You create business terms to standardize definitions of business concepts so that your data is described in a uniform and easily understood way across your enterprise. Business terms can describe the contents of the data, the sensitivity of the data, or other aspects of the data, such as the subject or purpose of the data. You can assign one or more business terms to individual columns in relational data sets, to other governance artifacts, or to data assets.
You can use business terms for these goals:
- Show that columns with different column names have the same type of data.
- Translate from technical or obscure column names to terminology that makes sense and has an accessible definition.

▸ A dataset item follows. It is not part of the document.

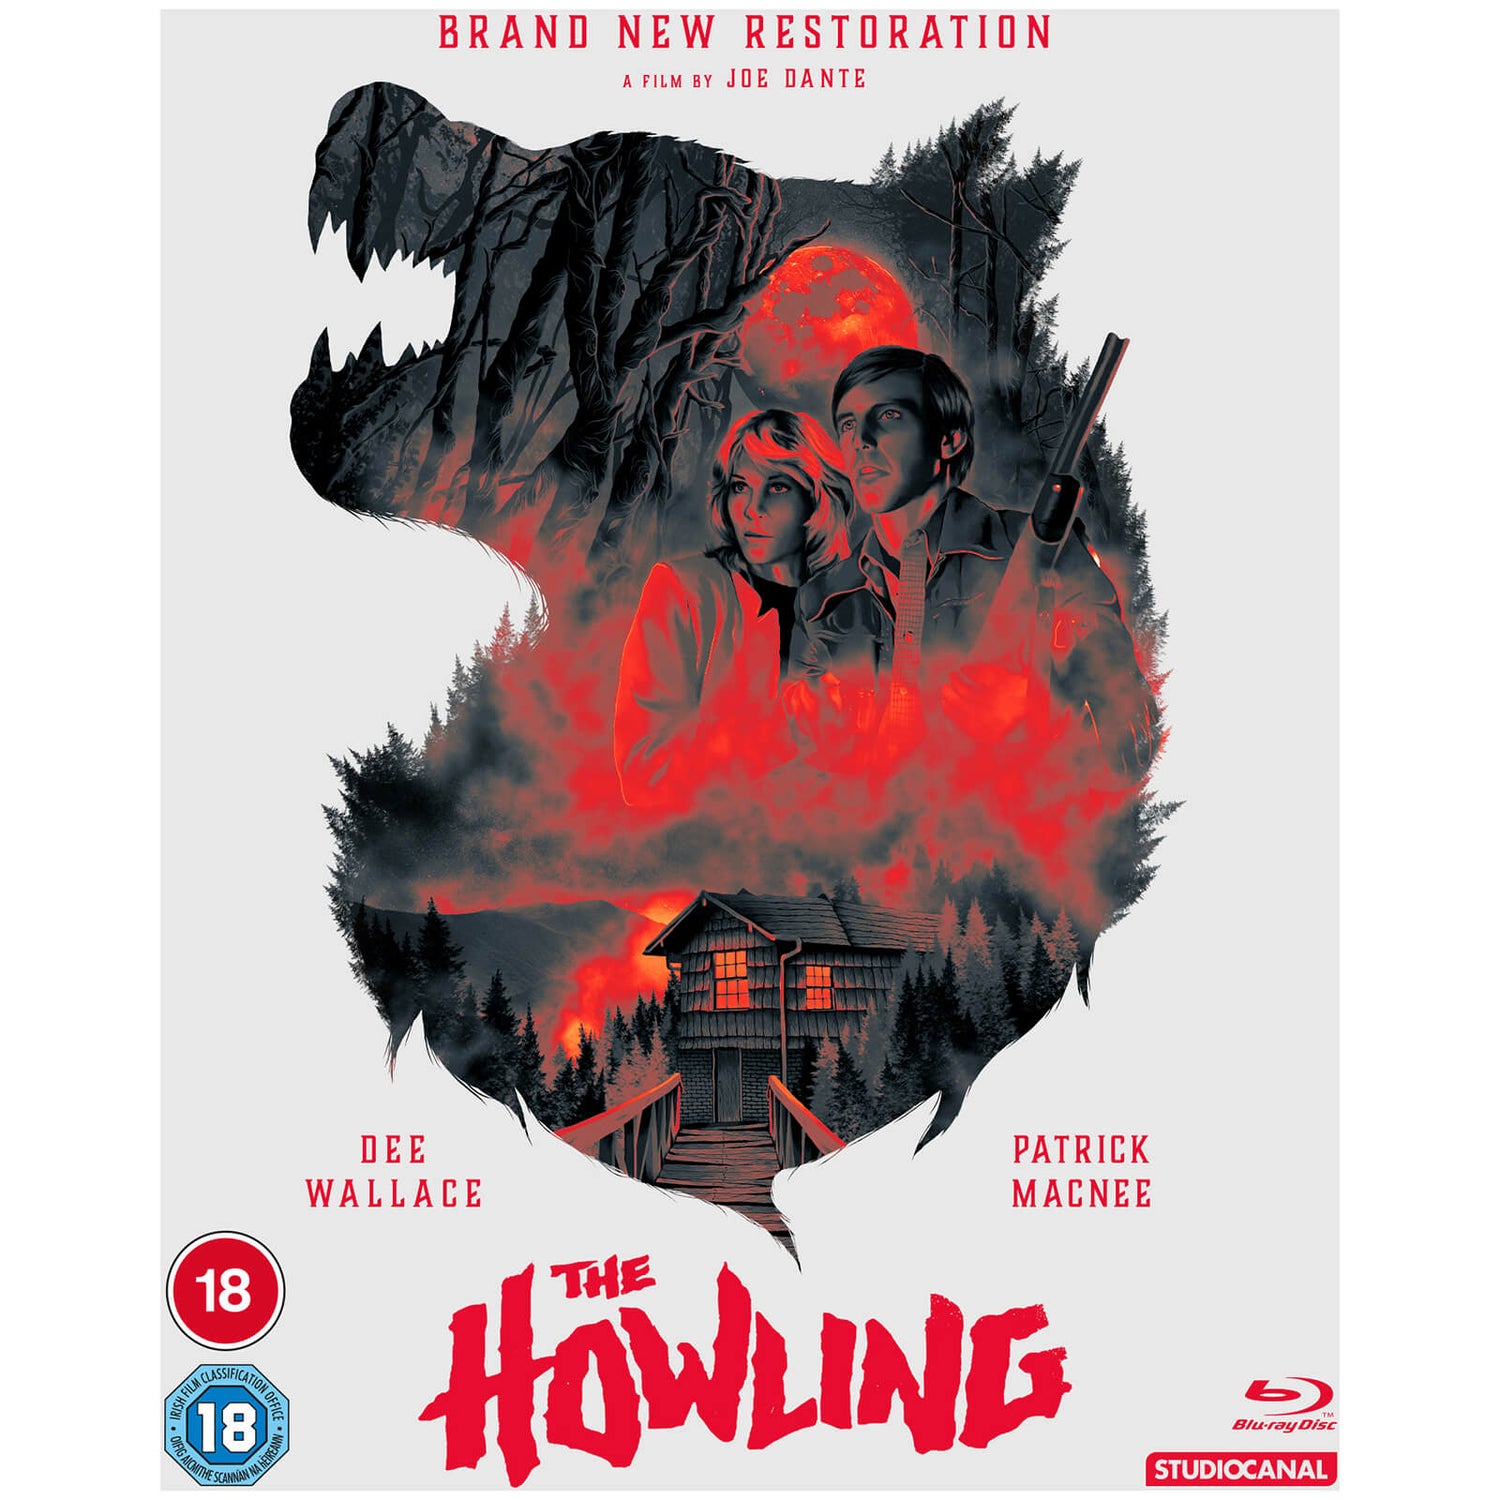 The Howling - 40th Anniversary Restoration

- Link assets that have similar data.
- Link policies and rules that affect similar data.
- Simplify writing data policy rules by using one term instead of multiple different column names.
For example, suppose your company has data that includes personal identification numbers from people in many different countries. The columns that contain personal identification numbers are named with abbreviations of the country-specific terms, for example: “SSN” for US Social Security Numbers, “SIN” for Canadian Social Insurance Numbers, “UID” for Indian Unique Identification Numbers, and so on. If you create a business term named “Personal identification number” and assign it to all the columns that contain personal identification numbers, knowledge workers then understand that the “SSN”, “SIN”, and “UID” columns contain the same type of information and what that information means. You can view the term’s Related content page to see all the data assets that contain personal identification numbers and all the policies and rules that control personal identification numbers. You can create a policy with a rule that masks the values in all columns assigned the “Personal identification number” term.
Not only the status of a term determines whether the term is in use, such as published, but you can also set effective start and end dates to specify when a term is in use.
You must have the Admin role for the Watson Knowledge Catalog service to create terms. Other users can only view terms.
Some Watson Knowledge Catalog plans have limits on the number of terms you can create.